## [Exercise objective]
Could the data below be printed out exactly, with the pictures left out?
Data extract Start Marker
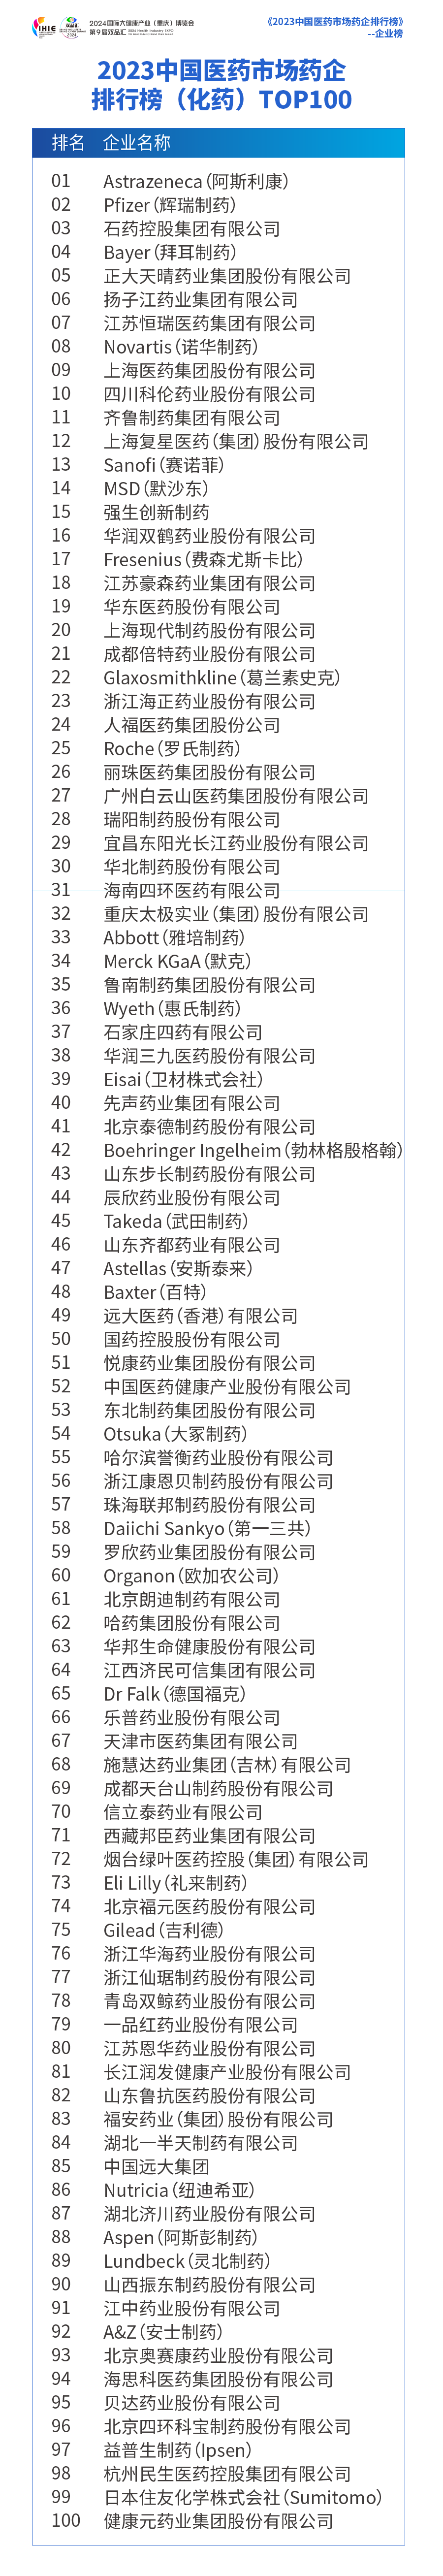 中国医药市场药企排行榜TOP100
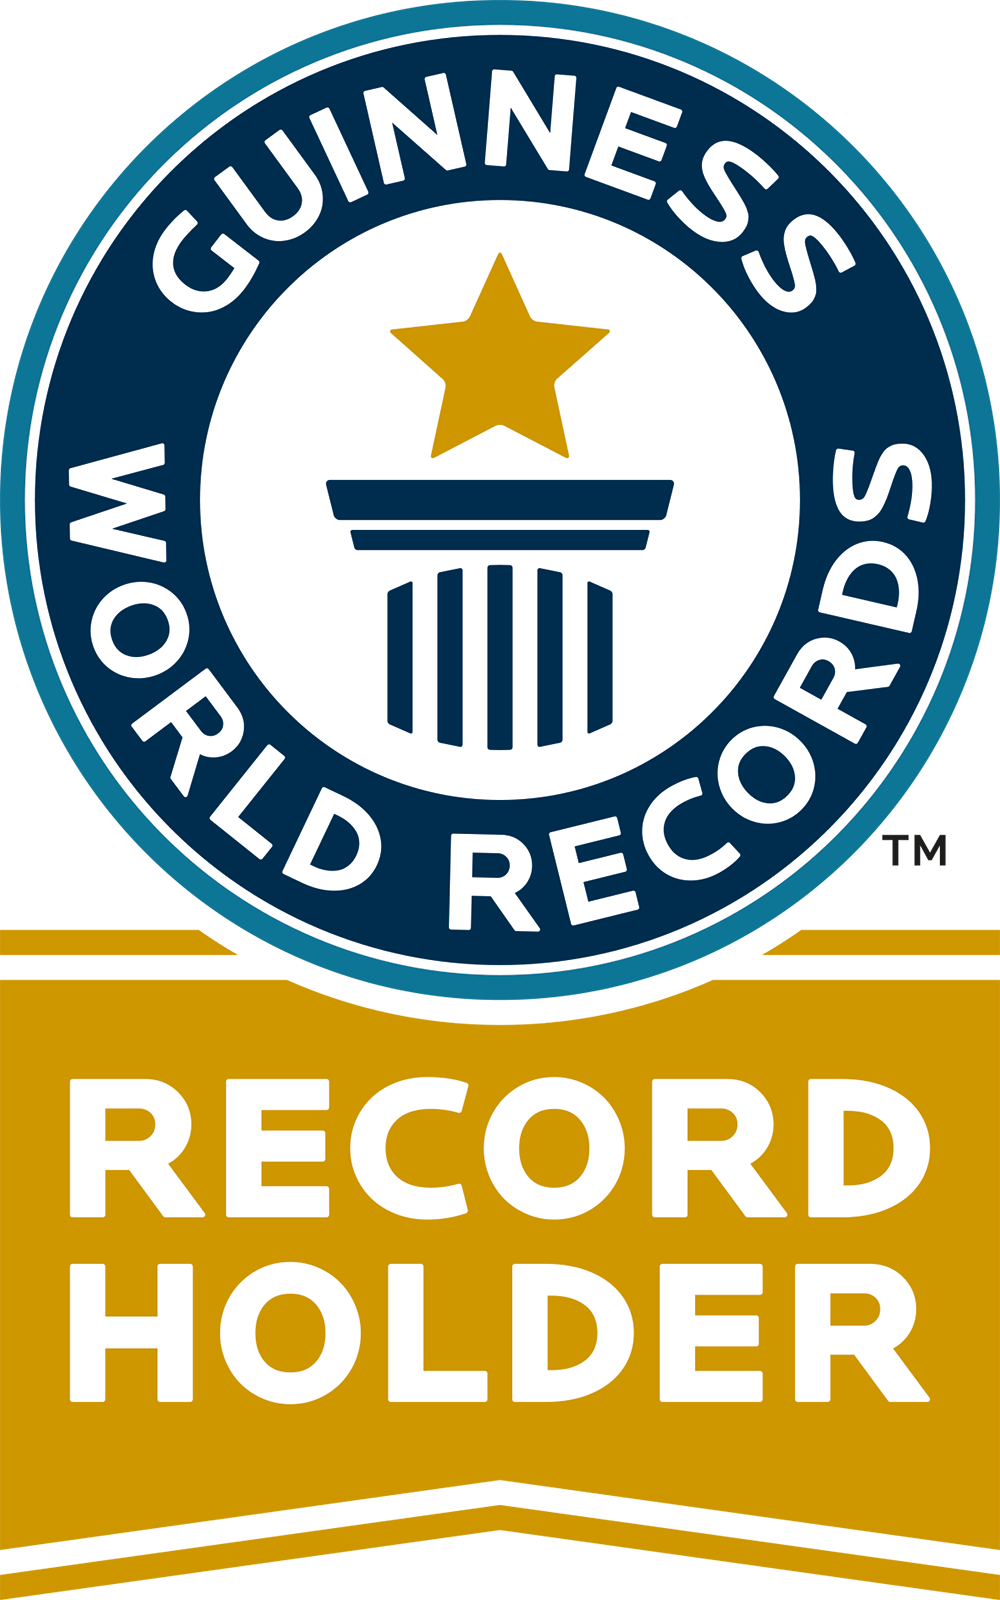 Guinness World Records® logo
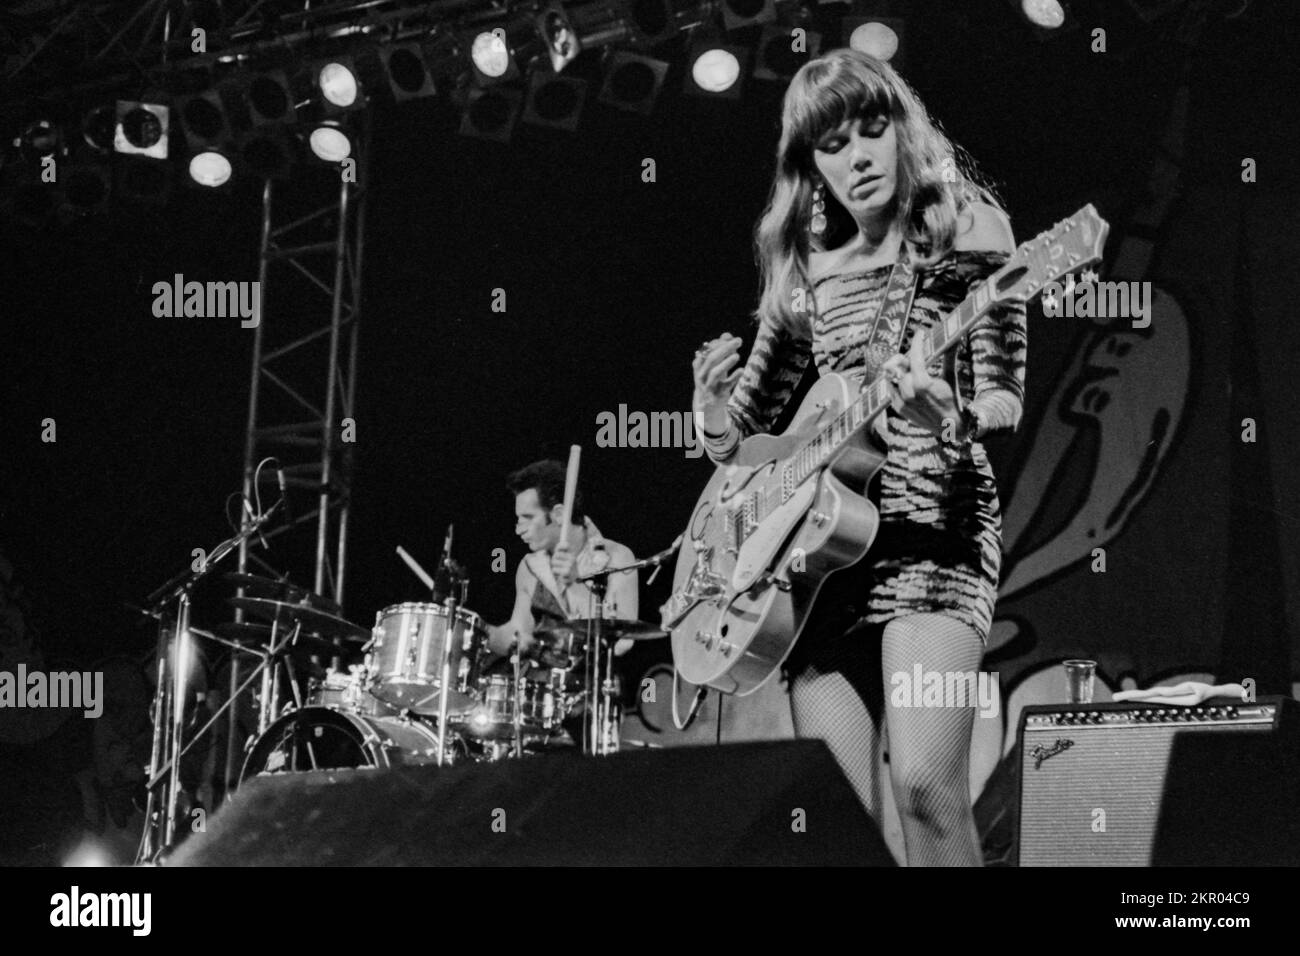 The Cramps live en concert en France - poison Ivy de The Cramps au Tamaris Rock Festival 1992 (background : Nick KNOX à la batterie) Banque D'Images
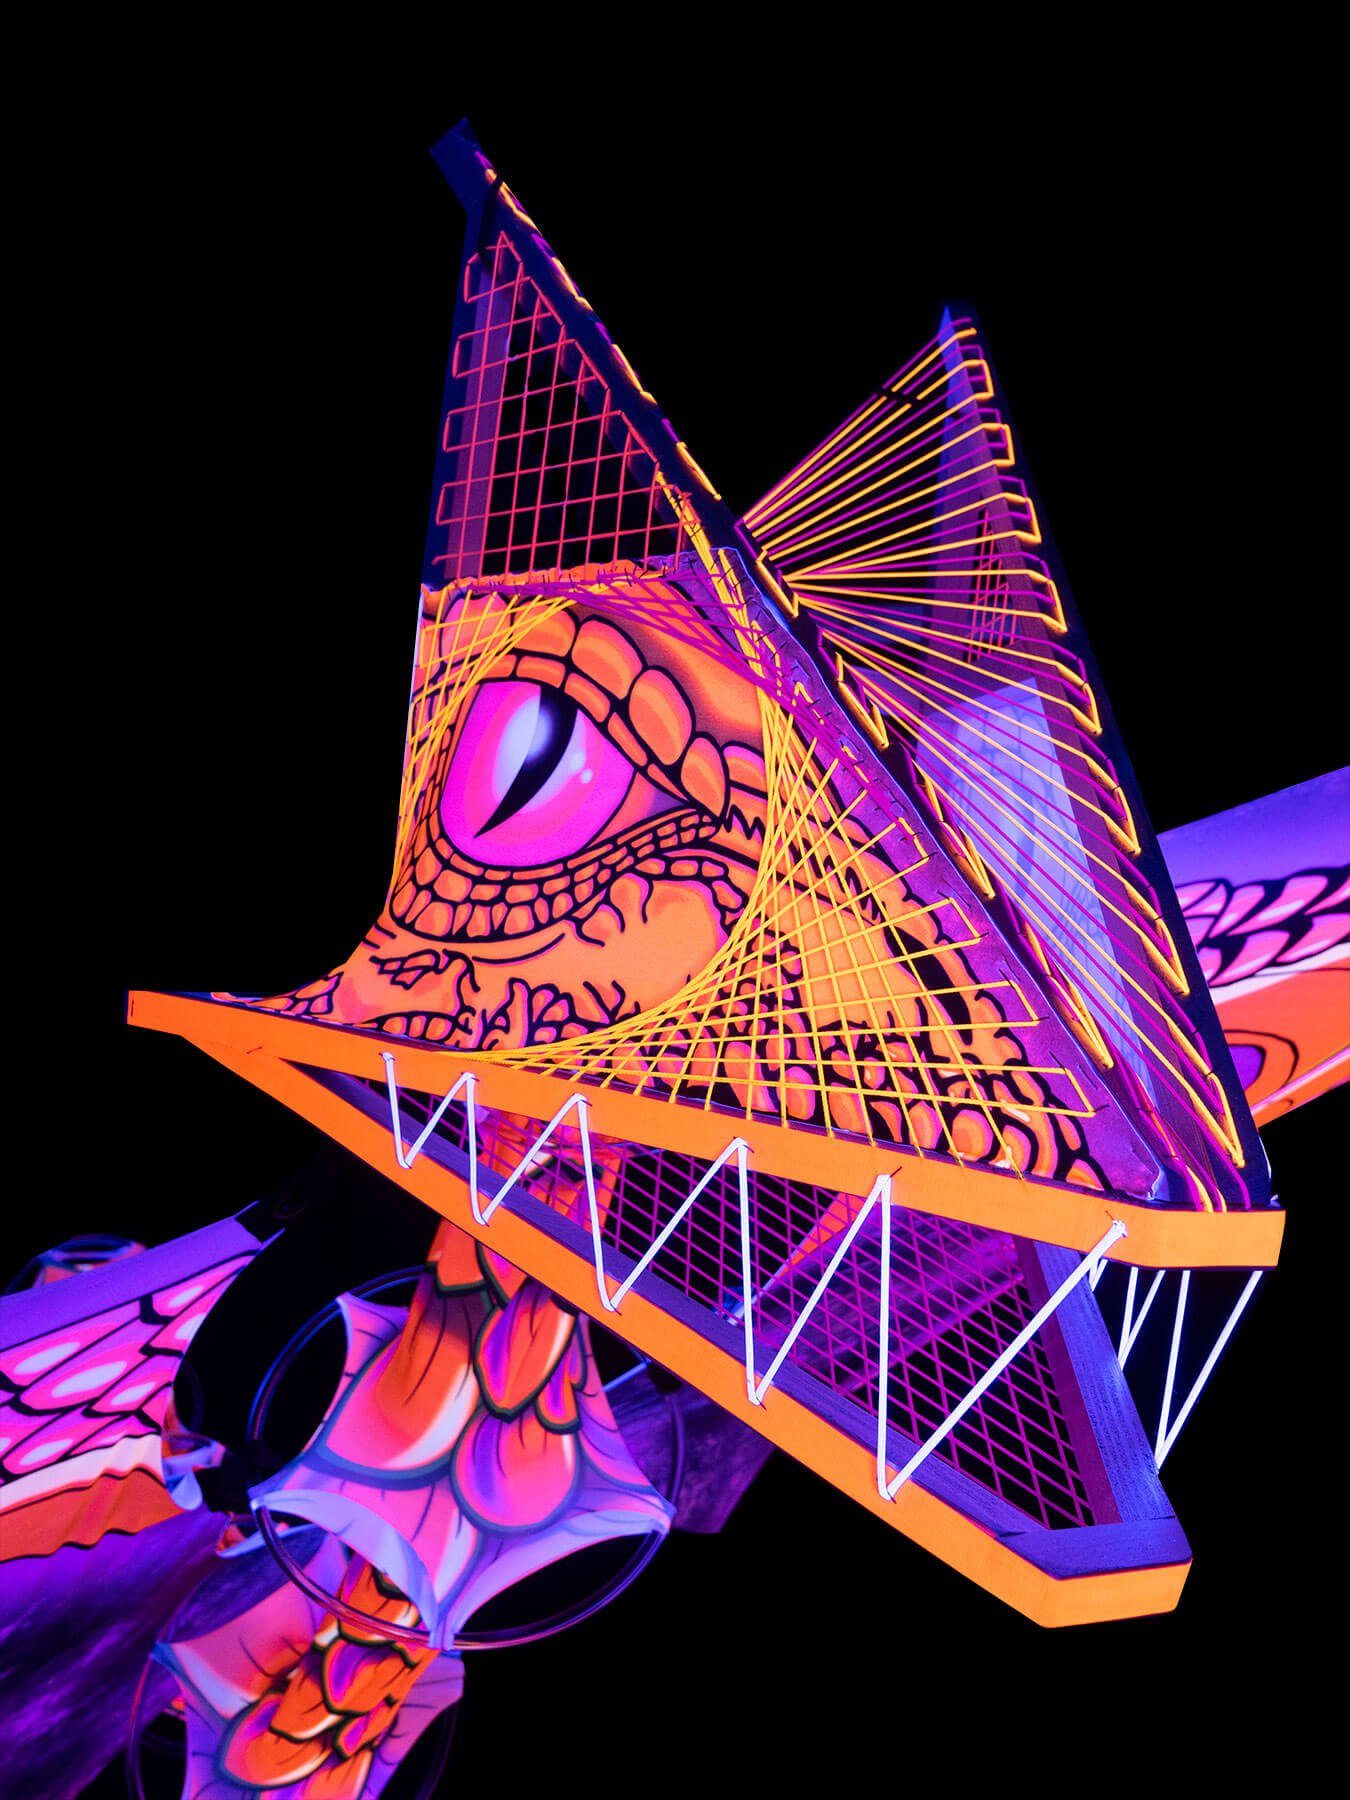 PSYWORK Dekoobjekt Schwarzlicht Flügel 6m, Temple Schwarzlicht Spandex Drache leuchtet "Dragon UV-aktiv, unter StringArt Orange"
Data extract End Marker
## [Solution to the problem]
 中国医药市场药企排行榜TOP100
 Guinness World Records® logo
 The Cramps live en concert en France - poison Ivy de The Cramps au Tamaris Rock Festival 1992 (background : Nick KNOX à la batterie) Banque D'Images
 PSYWORK Dekoobjekt Schwarzlicht Flügel 6m, Temple Schwarzlicht Spandex Drache leuchtet "Dragon UV-aktiv, unter StringArt Orange"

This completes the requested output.